The earlier framework allocated $4.95 billion to increase conservation programs, while the new proposal reduces that amount to $4 billion. The framework also provides no new resources for community development for rural America. The earlier plan allocated $1.42 billion for specialty crops while the new one provides $1.35 billion. The increase in energy programs would go from $1 billion to $900 million. The $9.5 billion increase in nutrition programs -- including food stamps, school snack programs and international food aid -- is the same in both frameworks. The new framework increases the amount for commodity programs from $1.4 billion to $1.68 billion and reduces the cut in the crop insurance program from $3.9 billion to $3.2 billion. In addition, $700 million would be saved from unspecified adjustments to commodity, crop insurance and disaster aid programs and $400 million would be saved from the new average crop revenue election program, which will be known as ACRE. Savings from shifts in the timing of payments outside the five-year period of the farm bill remain the same at $4.4 billion. Negotiators are still awaiting Congressional Budget Office scores for some programs and the numbers in the new framework are in no way final. And there are other issues: a funding mechanism must be agreed to, the fate of Senate Finance Committee added tax measures must be decided, an agreement on stricter payment limits must be reached, and remaining policy issues between the House and Senate must be resolved before a conference agreement can be finalized.

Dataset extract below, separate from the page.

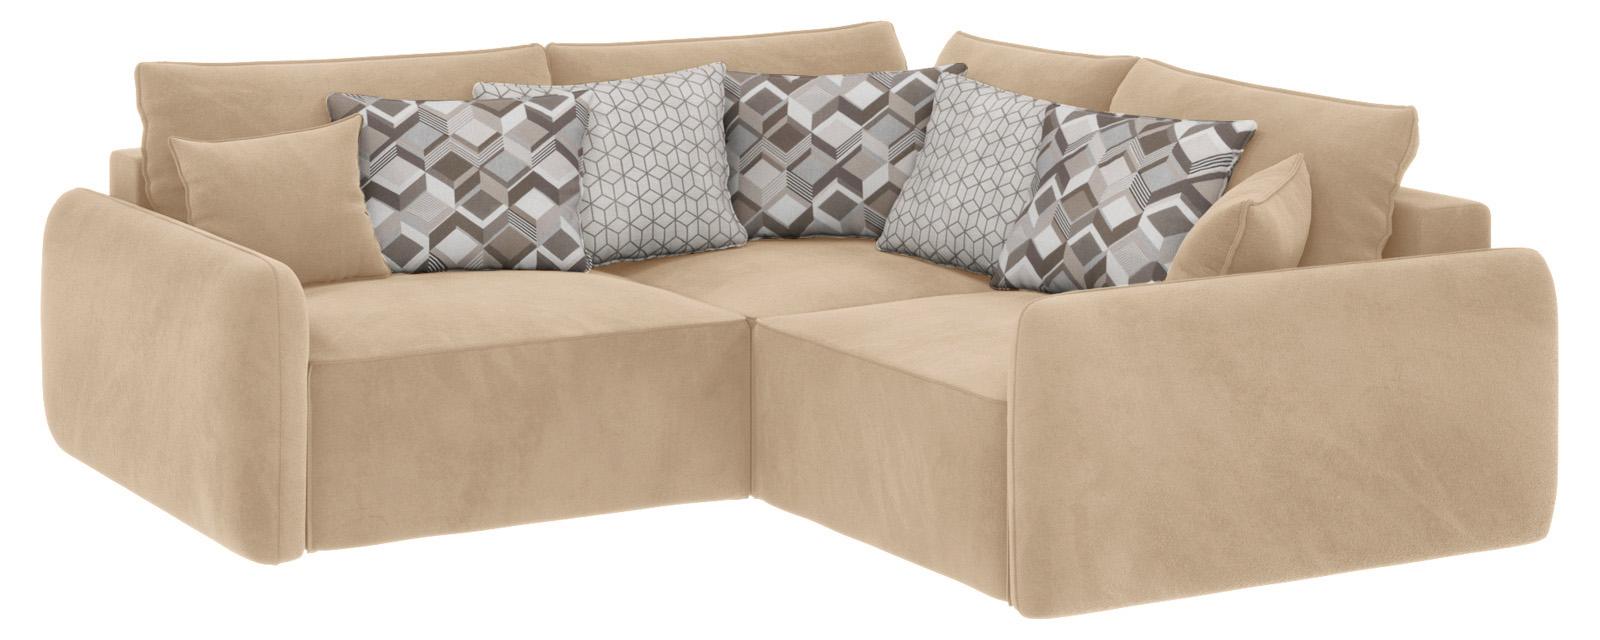 Модульный диван Портленд вариант №6 Soft песочный (Вел-флок)

Also, the Administration previously stated that if there was not a bill by April 18, a one-year extension of current law should be enacted. Agriculture Secretary Schafer has more recently said that a one-or two-year extension bill is not desirable, especially for nutrition programs and specialty crops. However, the Administration has not backed down on its insistence that the bill not be funded by measures it deems tax increases, and continues to press for more reform of payment limits. Farm Bill negotiators need to hear about the importance of the Rural Development Title programs in your communities. Currently, there is a $2 billion project backlog for rural development programs. At this juncture, there is a danger that we could lose the rural development improvements in the House and Senate passed bills, particularly the $400 in mandatory funding in the Senate bill.